A saber: Johnny Depp, el James Dean de los 90, el ícono cool de la generación X y luego ídolo familiar como un pirata sexy en la saga Piratas del Caribe, conoció a Amber Heard en un set de película. Ella, estrella joven en ascenso varias décadas menor, una millennial que hoy es parte del universo de DC Comics como reina de los mares. Depp, quien ya había tenido parejas mediáticas como Vanessa Paradis, Kate Moss y Winona Ryder (su tatuaje “Winona forever” debe haber sido el más famoso de su década), parecía entrar a sus 50 años con vistas a estabilizarse al lado de una belleza juvenil, cual Warren Beatty y tantos más.

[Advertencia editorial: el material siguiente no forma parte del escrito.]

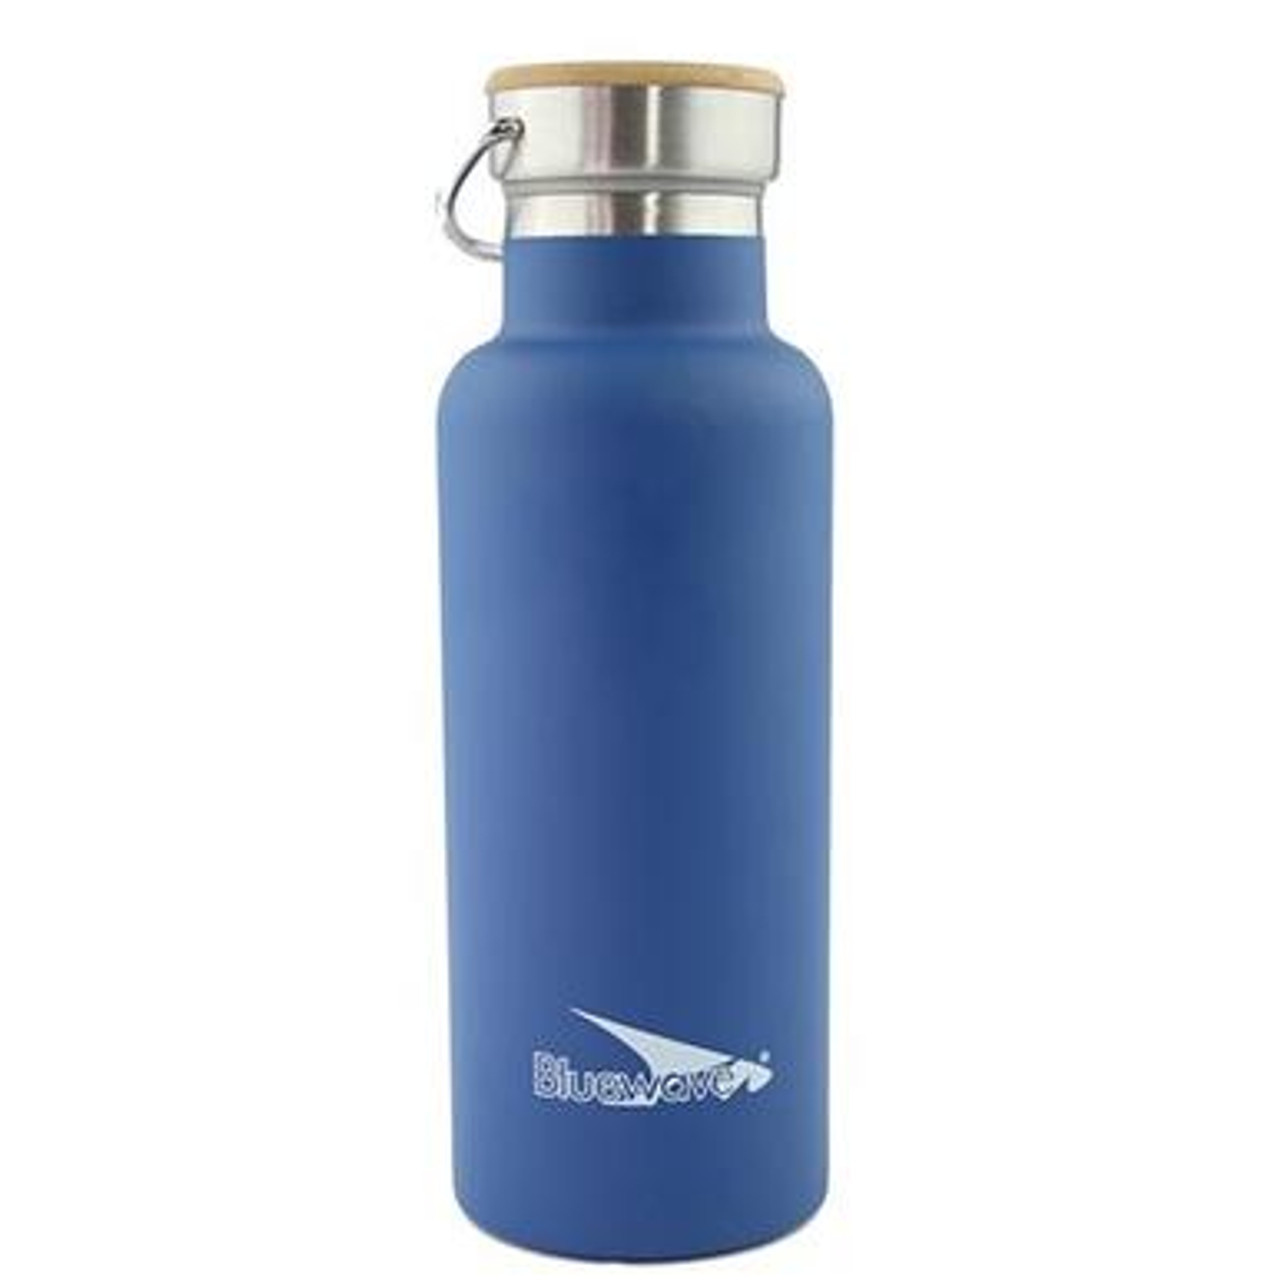 https://cdn11.bigcommerce.com/s-ovptlwt64t/images/stencil/1280x1280/products/508/2050/D2-Insulated-Water-Bottle-500ml-17oz-Navy-Blue-1__79254.1594402097.jpg?c=1

Pero lo que vino después es hoy material de juicio. Tras dos años de relación, y 15 meses de matrimonio (ceremonia oficiada en la playa de la isla privada del actor), la pareja se separó en malos términos y Depp le pagó a Heard siete millones de dólares en el acuerdo final en 2016, los que ella, dijo, donaría a ONG para probar que lo suyo no era interés. “Nuestra relación fue intensamente apasionada y a ratos volátil, pero siempre unida por el amor”, escribieron en un comunicado conjunto. “Ninguno de los dos ha mentido o hecho acusaciones falsas para ganar dinero, nunca hubo ningún intento de daños físicos o emocionales”.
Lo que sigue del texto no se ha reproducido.